Quick Reference: Terms and Concepts

Observation: careful, unbiased description of natural phenomena using the senses and tools; requires unambiguous, metric measurements.
Question: a query arising from an observation.
Background research: review of existing knowledge relevant to the question.
Hypothesis: a testable and falsifiable statement about the natural world.
Prediction: a specific expectation derived from a hypothesis.
Independent variable (experimental variable): the factor deliberately changed between groups; on the x-axis in graphs.
Dependent variable (response variable): the outcome measured; on the y-axis in graphs.
Controlled variables: factors kept constant across all groups to avoid confounding influences.
Replication: repeating the entire experiment to verify results.
Sample size: number of experimental units per condition; larger sample sizes improve confidence.
Observational science: studies that do not manipulate variables; rely on correlations.
Experimental science: studies that manipulate an independent variable and observe its effect on a dependent variable; uses control groups.
Correlation vs causation: correlation indicates association; causation implies a direct cause-and-effect relationship, which requires controlled experimentation to establish.
Significance: a statistical measure of whether results are unlikely due to chance; commonly, p < 0.05 denotes statistical significance.
Notion of proof in science: scientists typically say hypotheses are supported or refuted, not proven.

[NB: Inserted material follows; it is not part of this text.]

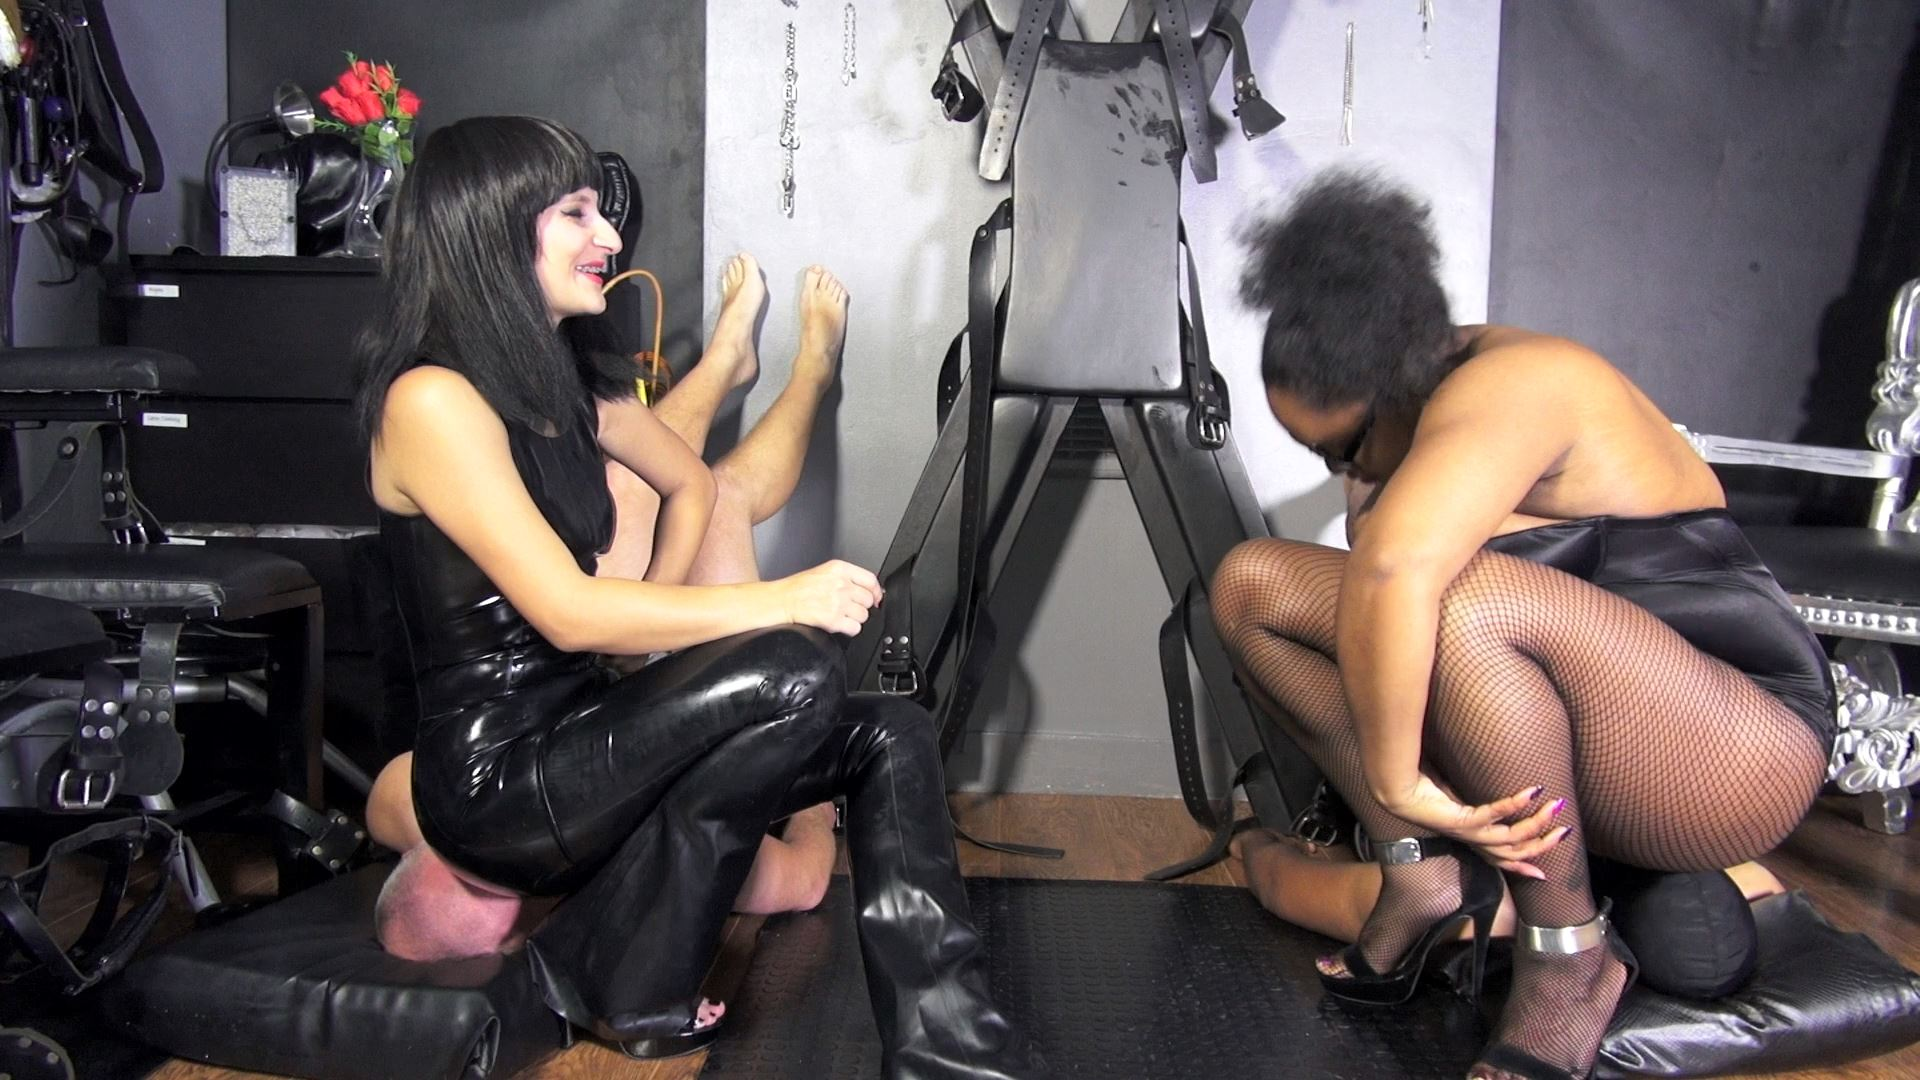 LADY ANDROMEDA, MISS TRESSA In Scene: Human Chairs - BLACK-MISTRESSES - FULL HD/1080p/MP4
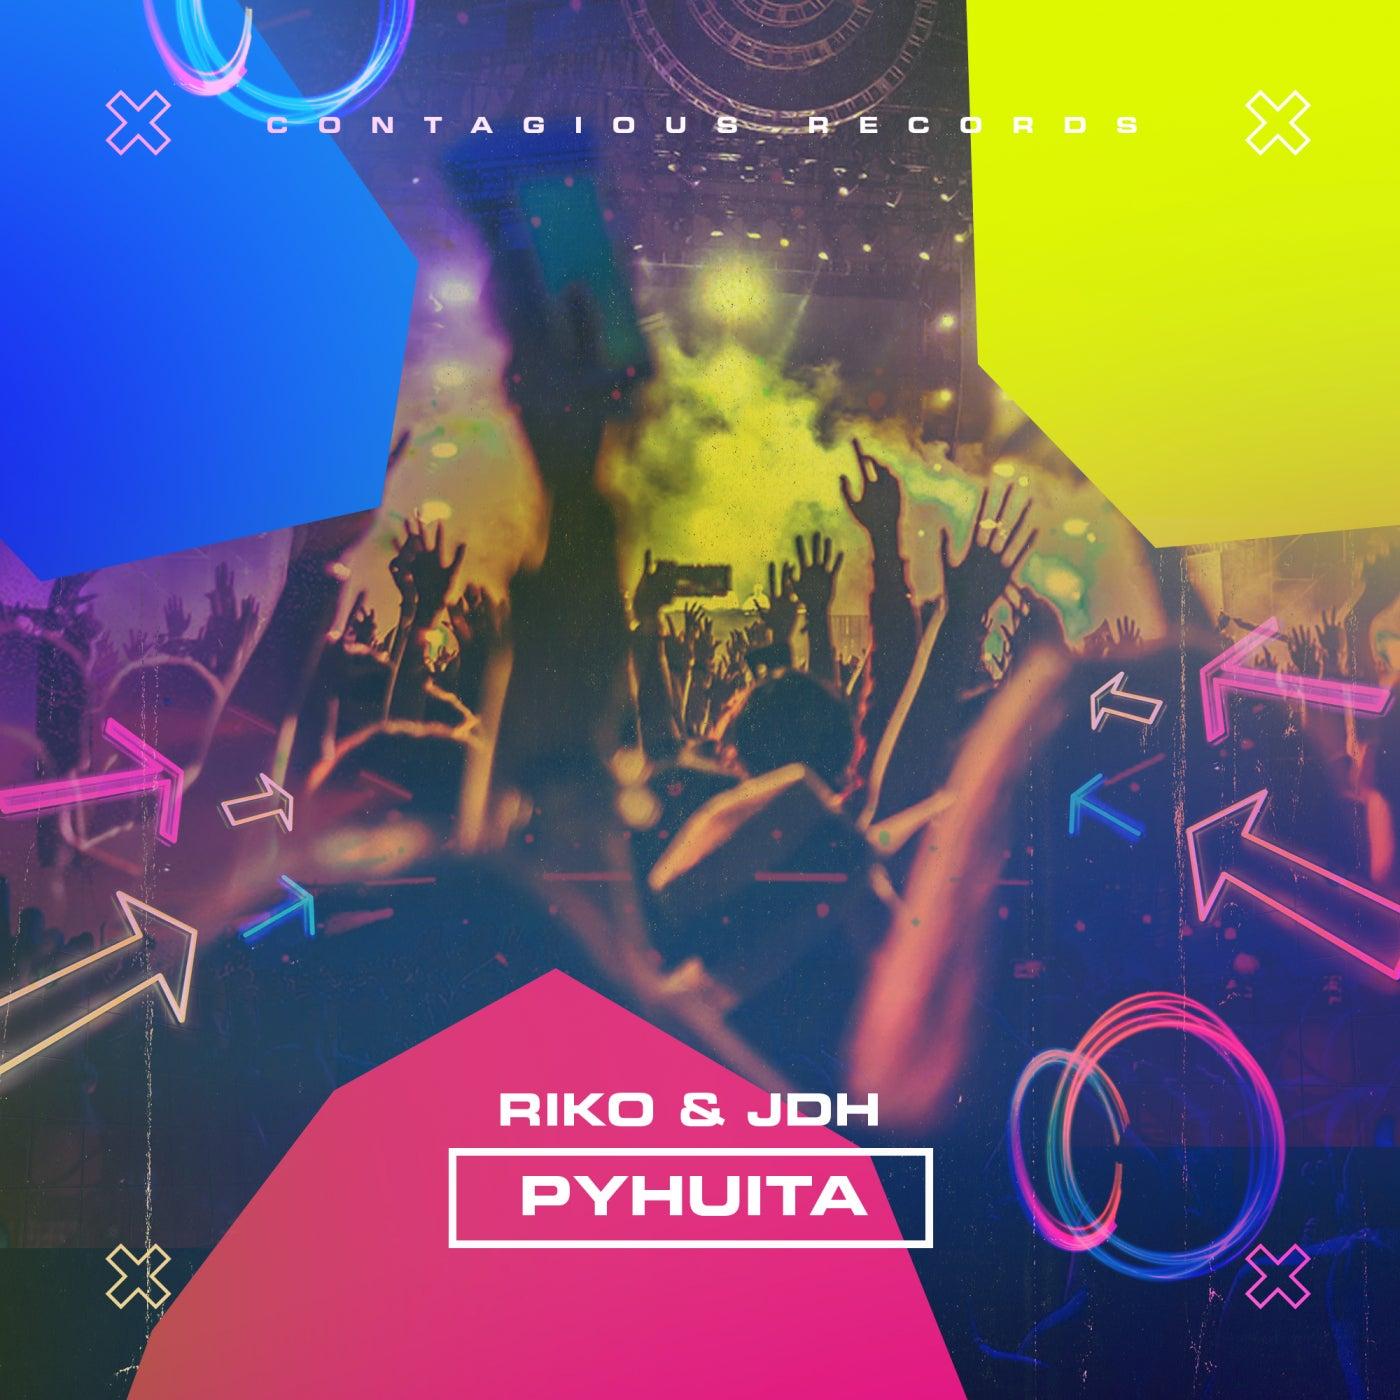 PYHUITA (Extended Mix)

Equations, Units, and Graphical Conventions (LaTeX)

Temperature examples:
- Room temperature: $T_{room} \,\approx\, 23^{\circ}\mathrm{C}$
- Warm/test temperature: $T_{warm} = 37^{\circ}\mathrm{C}$
- Boiling temperature: $T_{boil} = 100^{\circ}\mathrm{C}$
Fertilizer application (experimental groups):
- $45\ \mathrm{kg\,ha^{-1}}$
- $90\ \mathrm{kg\,ha^{-1}}$
Variables and axes:
- Independent variable (x-axis): $x = \text{amount of fertilizer or type of nitrogen source}$
- Dependent variable (y-axis): $y = \text{wheat yield (biomass, e.g., dry mass in g or kg)}$
Significance: p < 0.05 indicates results unlikely due to chance at the 5% level.
Data representation:
- Individual measurements: data points (circles).
- Mean/average: filled data point (e.g., solid circle) representing the average across trials.
Yield measurement notation: $\text{Yield} = \text{mass of dry wheat (kg or g)}$ after harvest and drying.

Takeaways and Study Notes

The process of science is iterative and nonlinear; scientists continuously refine observations, hypotheses, and experiments based on data.
A hypothesis must be testable and falsifiable; data can support but not prove it definitively.
The theory is a broad, well-supported framework that integrates many lines of evidence and makes powerful predictions.
Distinguish between experimental (causal) studies and observational (correlational) studies; correlations do not imply causation.
Use rigorous experimental design with clear definitions of independent, dependent, and controlled variables; replication and adequate sample size are critical for reliable conclusions.
Real-world problems (e.g., fertilizer use and soil health) illustrate how science informs sustainable practices, ethical considerations, and policy implications.

Quick Recap: Key Definitions to Memorize

Hypothesis: a testable statement about what will happen under specified conditions.
Theory: a broad, well-supported explanation that integrates many observations and experiments.
Independent variable: the factor deliberately changed between groups (x-axis).
Dependent variable: the outcome measured (y-axis).
Controlled variables: factors kept constant across all conditions.
Replication: repeating the entire experiment to ensure results are consistent.
Sample size: number of observations per condition.
Correlation: association between two variables observed in data.
Causation: a cause-and-effect relationship established through controlled experimentation.
Significance: statistical likelihood that observed effects are not due to chance; commonly p<0.05 as a threshold.